Is crypto a good investment? ›

Crypto is considered a high-risk asset class. Limiting allocation helps manage overall volatility and risk. Those new to crypto investing may start with 1% to 2% as an introduction. Only risk capital you can afford to lose should be exposed to crypto price swings.

Which crypto to buy now? ›

Below-mentioned is a list of the best altcoin for 10x gains:
  • 5thScape (5SCAPE)
  • DarkLume (DLUME)
  • SimuGaze (SGAZE)
  • Ethereum (ETH)
  • Binance Coin (BNB)
3 days ago

How much will 1 Ethereum be worth in 2030? ›

Ethereum (ETH) Price Prediction 2024-2040
YearMinimum PriceMaximum Price
2027$11,892.81$14,527.55
2028$18,352.16$20,942.91
2029$26,883.31$31,829.82
2030$38,664.13$47,066.29
8 more rows

Why did Bitcoin dump? ›

But the market turbulence that followed saw this drop by nearly two thirds. In June 2022 bitcoin dropped below $20,000 for the first time since 2020. This was prompted in part by the decision of Celsius Network, a major US cryptocurrency lending company, to freeze withdrawals and transfers, citing “extreme” conditions.

Should I get rid of my crypto? ›

You might want to sell your crypto under some specific circ*mstances. If there is a lack of blockchain development progress or a string of negative news, you might want to sell your cryptocurrency. If you've reached your investing goals or want to reallocate your holding, you might want to sell your cryptocurrency.

Why is all crypto crashing? ›

The crypto market is down today as U.S. macroeconomic headwinds and a harsher regulatory stance from the SEC impact investor sentiment.

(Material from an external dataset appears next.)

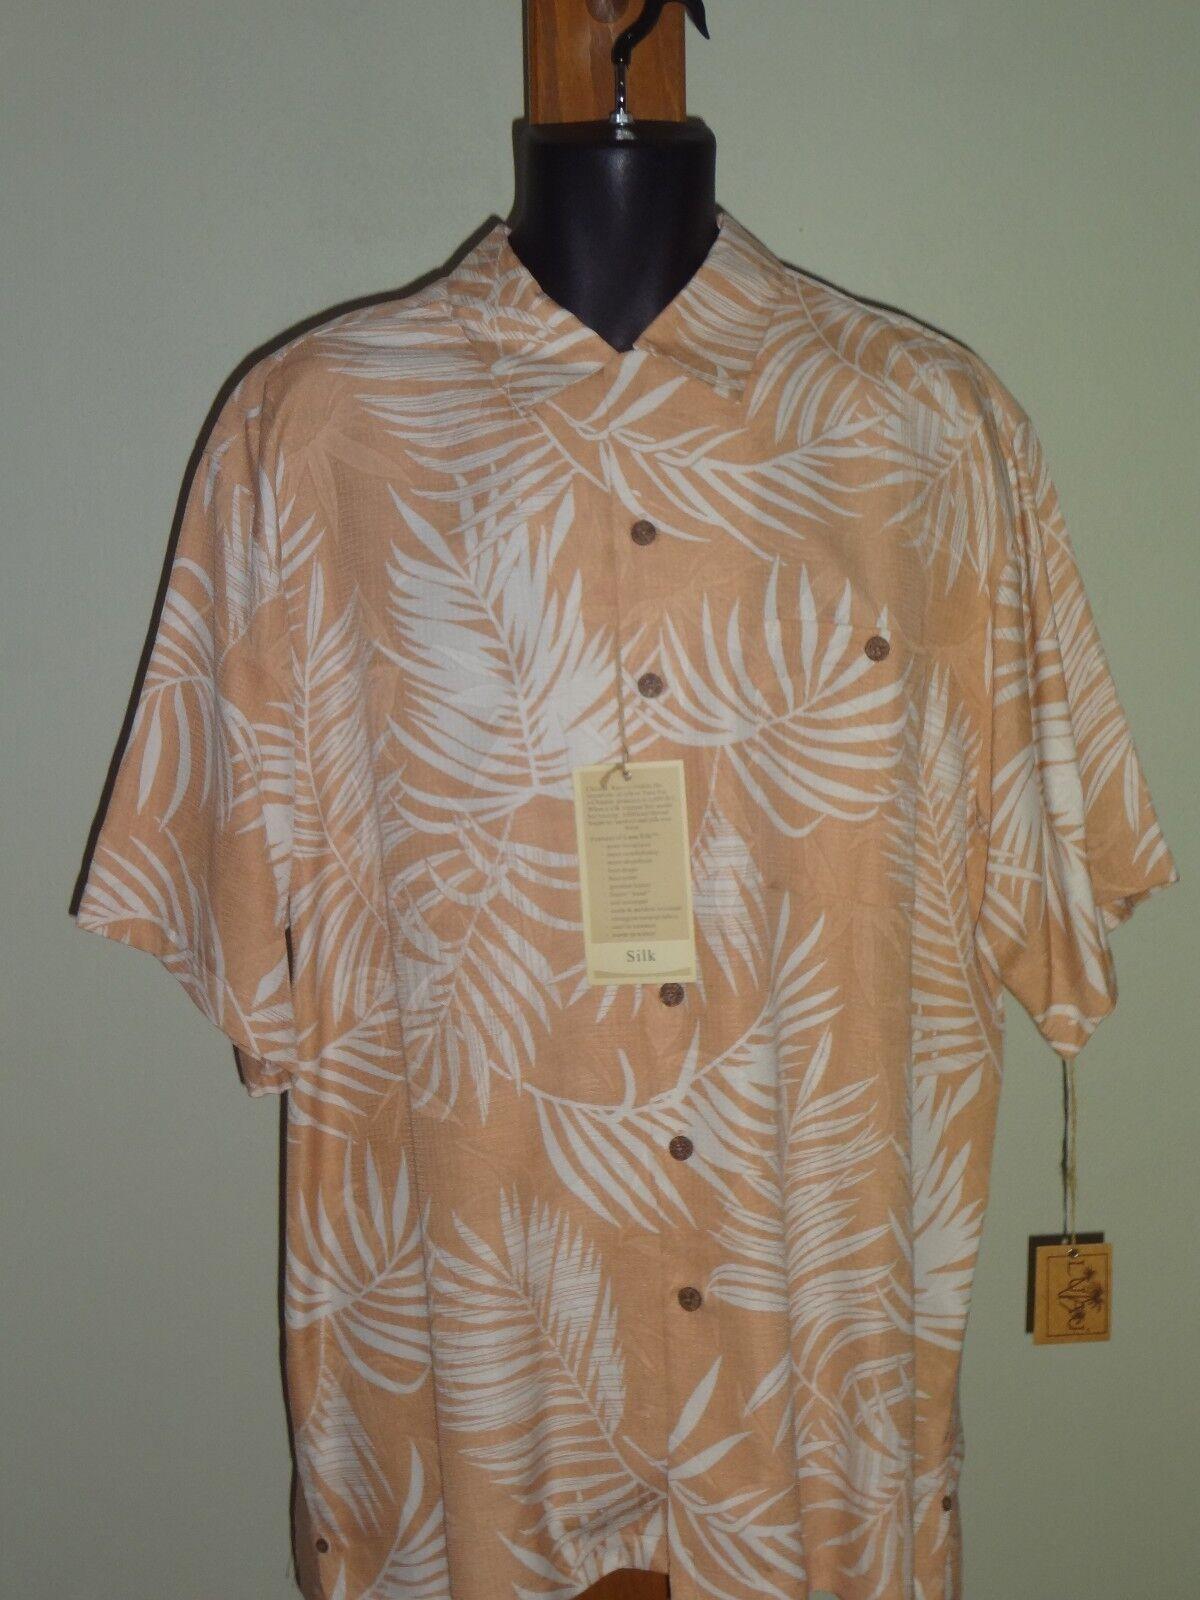 Luau 100% Silk Camp Shirt Size L color golden Tan
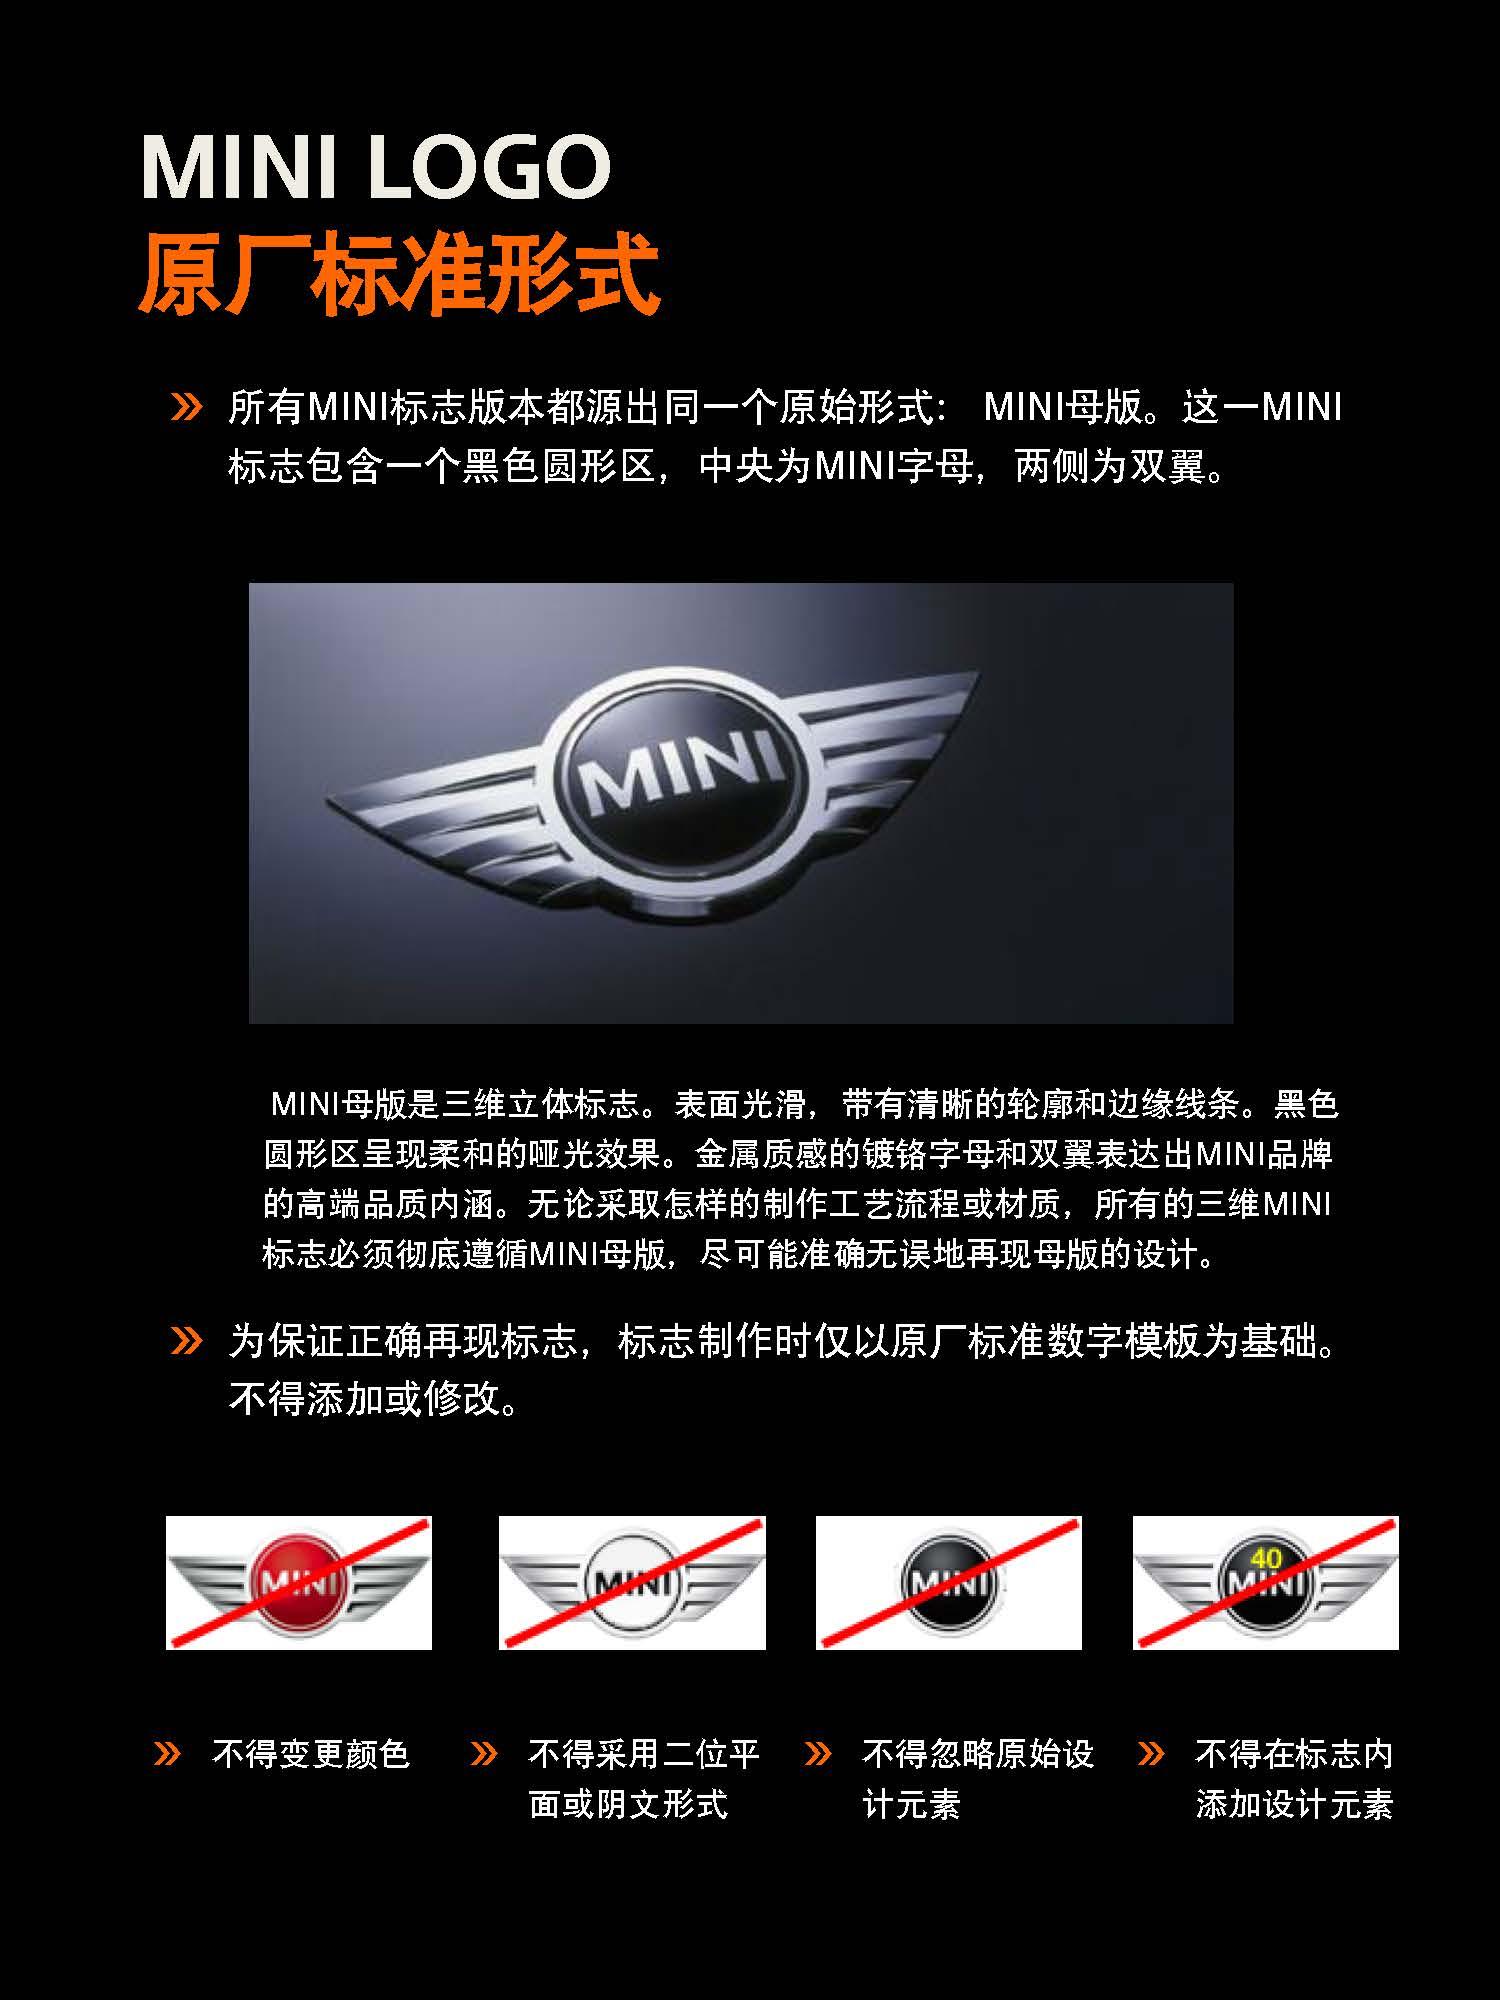 mini迷你汽车品牌指导手册 高清图片

Do you owe money if your crypto goes negative? ›

What happens if your crypto balance goes negative? If your crypto balance goes negative, you must pay back the amount owed.

Can Bitcoin go to zero? ›

A reasonable assumption that Bitcoin could hypothetically reach the null state of it's value is worth the thought. Even-though such an event is very less likely to take place, there are some factors that could theoretically lead to Bitcoin price crashing to zero.

Why has Bitcoin dropped? ›

"The recent downtrend can be attributed to increased profit-taking by investors who entered the market during the downturns of 2022 and 2023, as well as ETF investors who witnessed significant price appreciation on their shares after entering the market in the early weeks of 2024," Fineqia research analyst Matteo Greco ...

Top Articles
Latest Posts
Article information

Author: Frankie Dare

Last Updated:

Views: 6333

Rating: 4.2 / 5 (73 voted)

Reviews: 88% of readers found this page helpful

Author information

Name: Frankie Dare

Birthday: 2000-01-27

Address: Suite 313 45115 Caridad Freeway, Port Barabaraville, MS 66713

Phone: +3769542039359

Job: Sales Manager

Hobby: Baton twirling, Stand-up comedy, Leather crafting, Rugby, tabletop games, Jigsaw puzzles, Air sports

Introduction: My name is Frankie Dare, I am a funny, beautiful, proud, fair, pleasant, cheerful, enthusiastic person who loves writing and wants to share my knowledge and understanding with you.